Write out the whole listing below exactly, skipping each picture.

- **DATA BLOCK**
+ + +

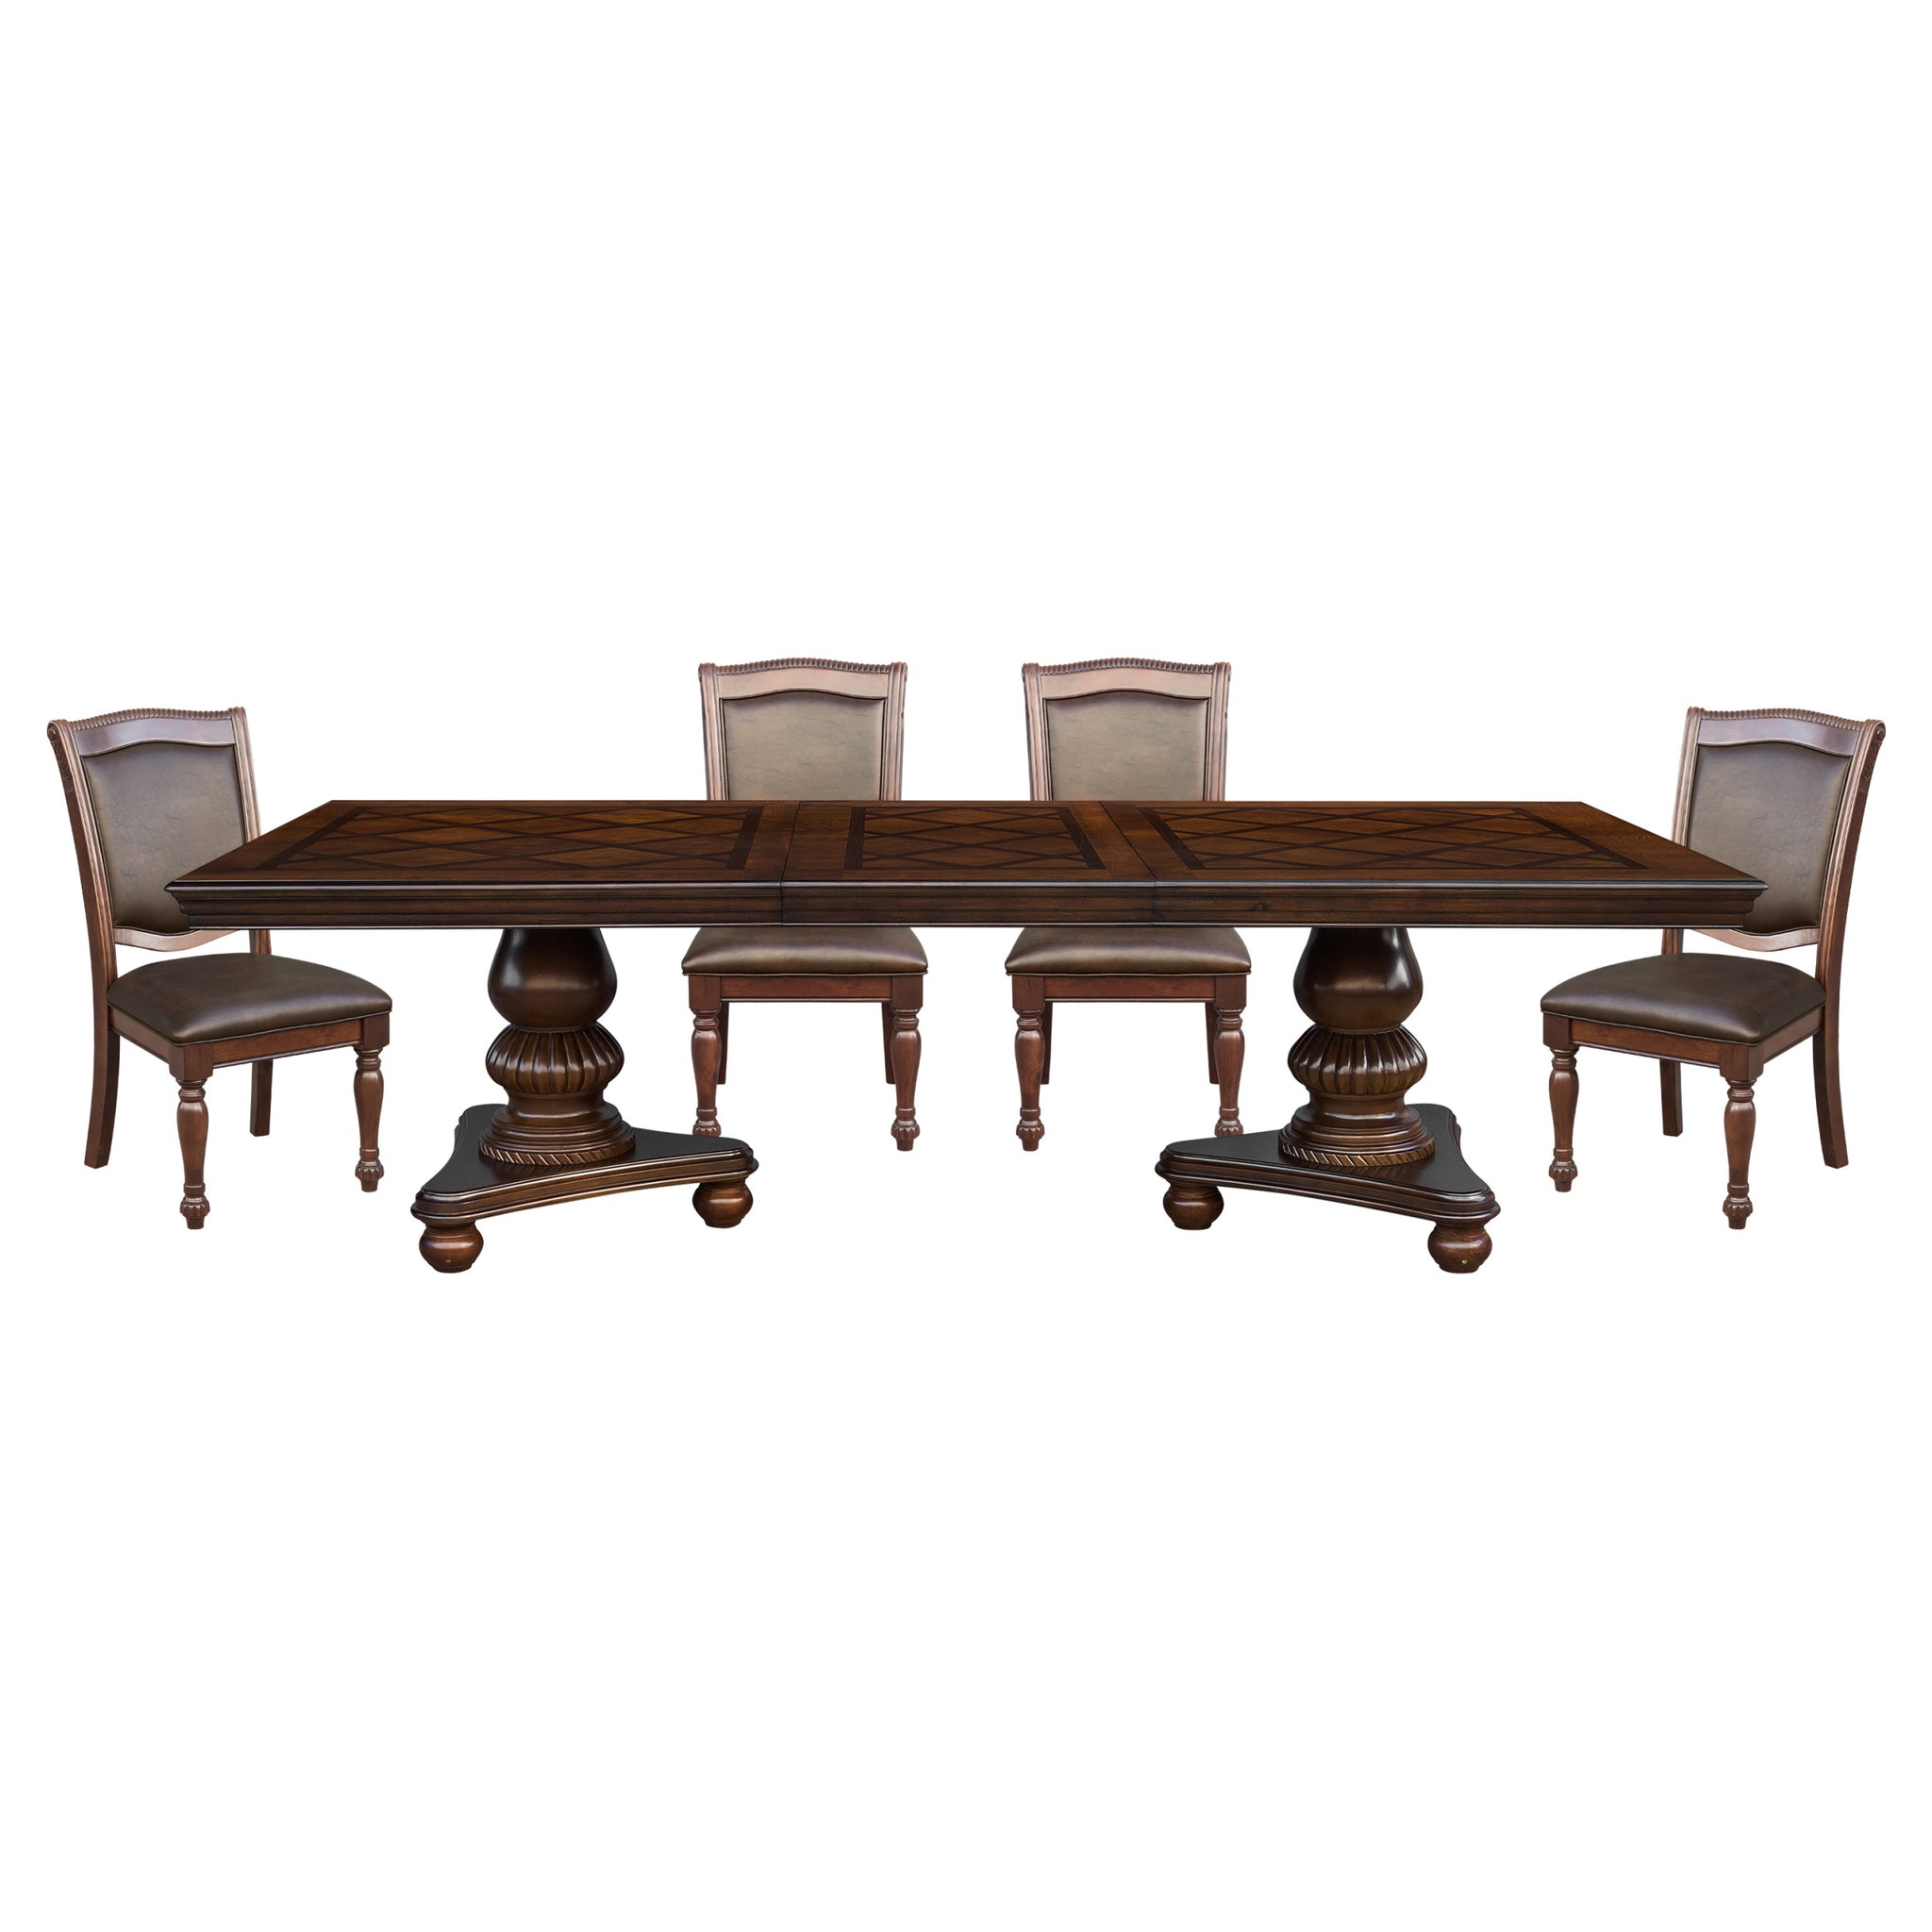 Traditional Style Dining Room Table w Leaf and 4x Side wood-wood-brown mix-seats 4-wood-dining
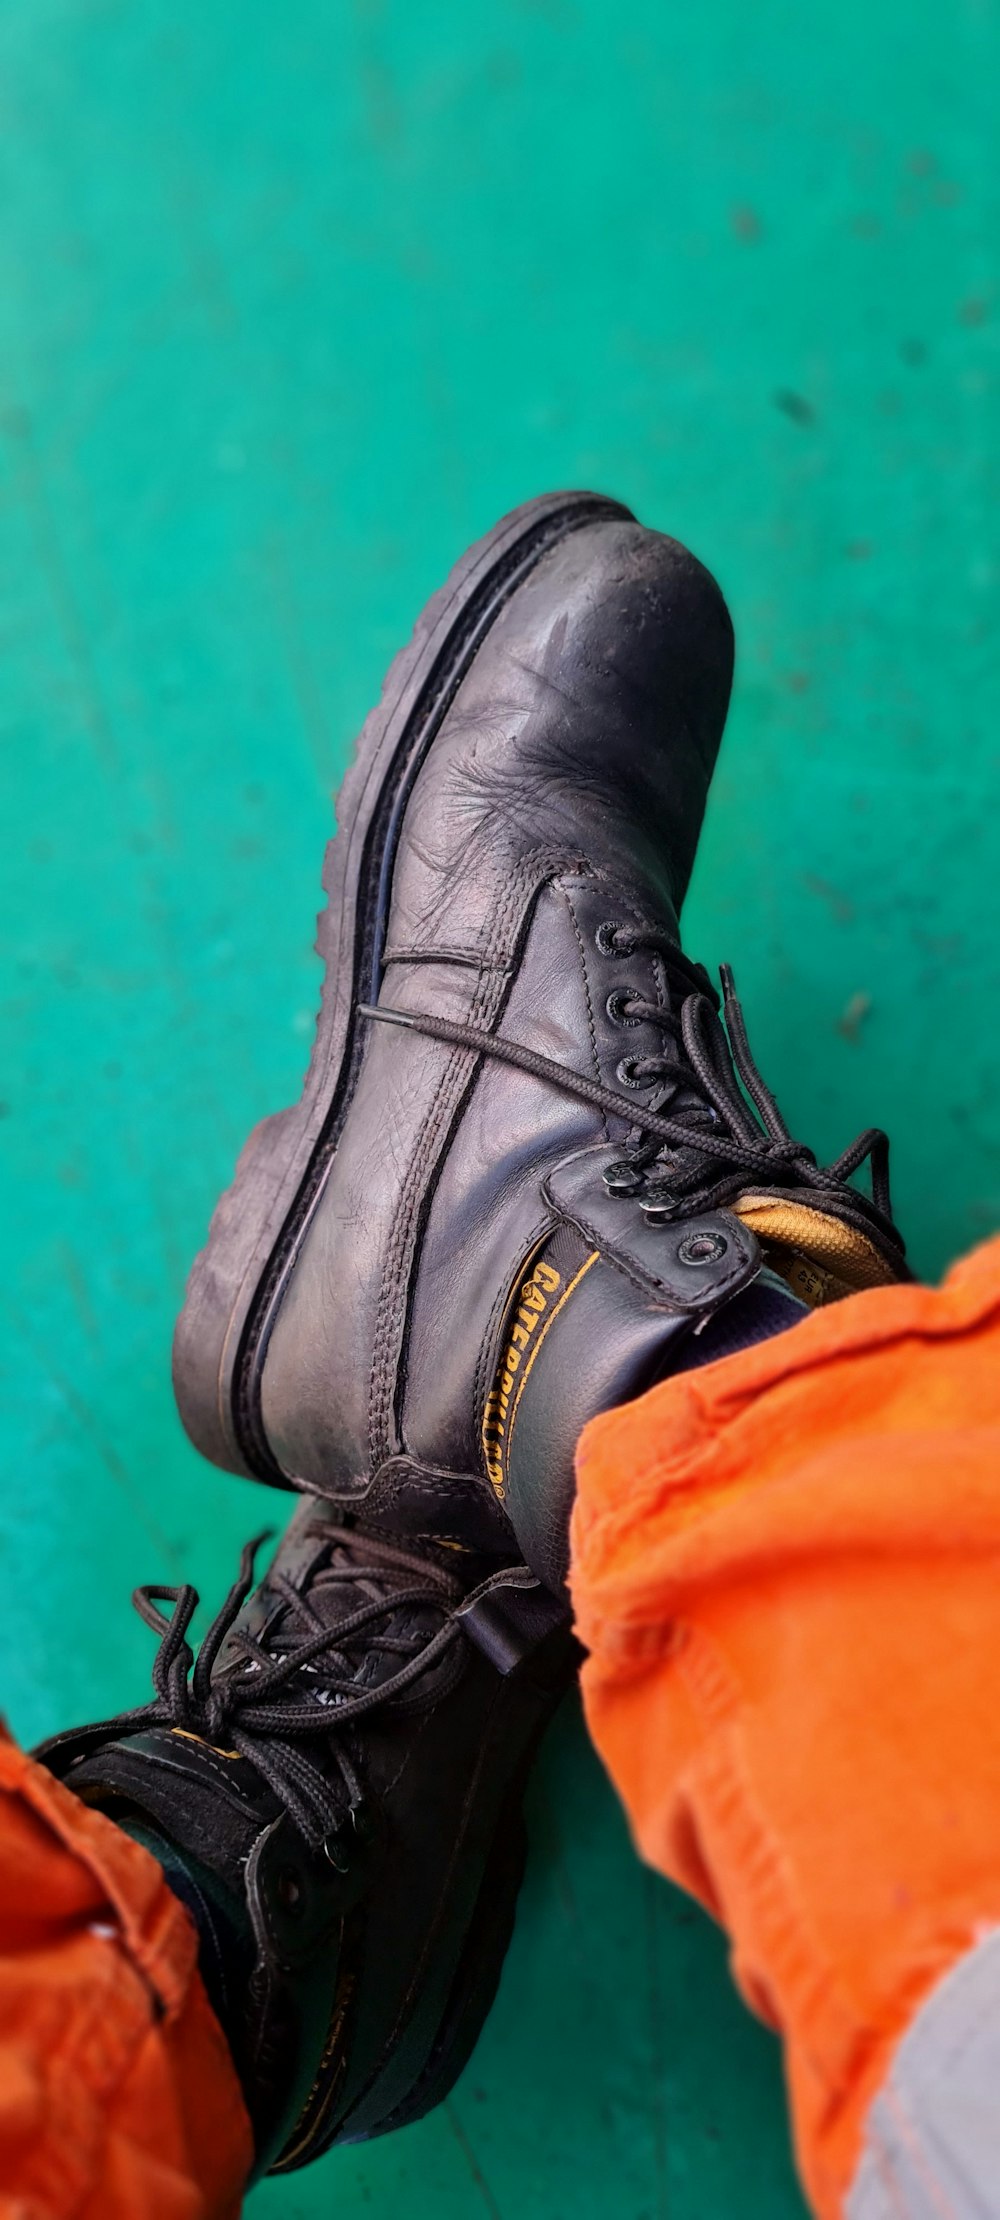 person wearing black leather work boot
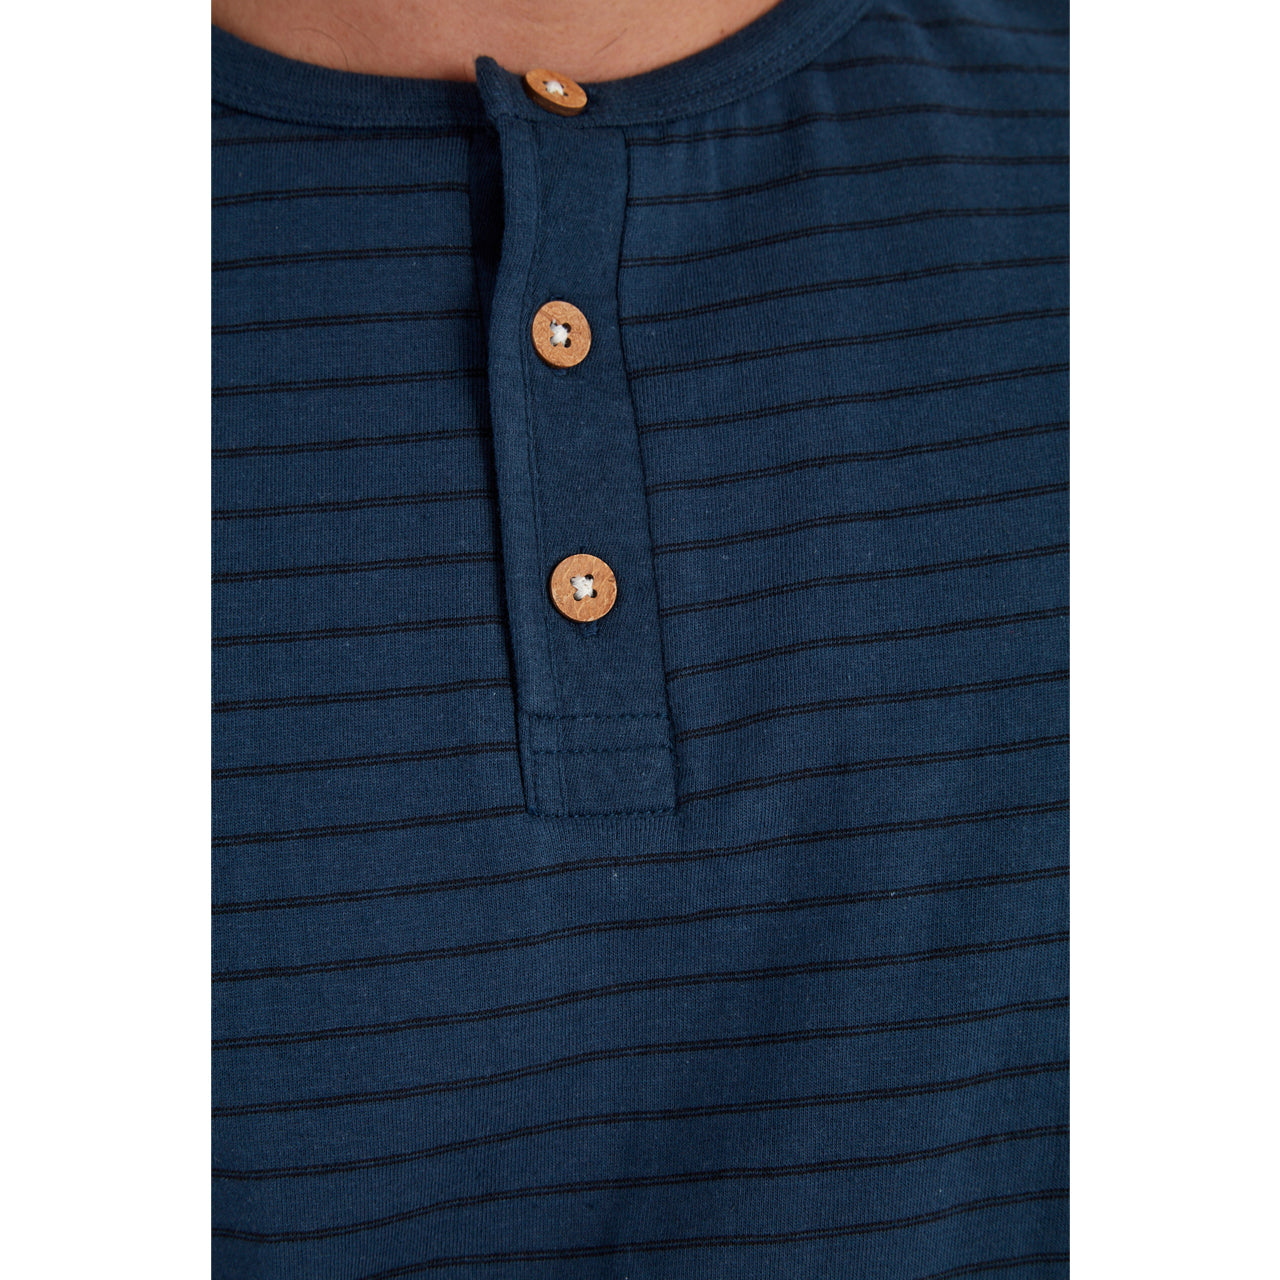 Short Sleeve Blue Striped Henley front view of collar

+ + +

- **EXERCISE RESPONSE**
 Traditional Style Dining Room Table w Leaf and 4x Side wood-wood-brown mix-seats 4-wood-dining
 person wearing black leather work boot
 Short Sleeve Blue Striped Henley front view of collar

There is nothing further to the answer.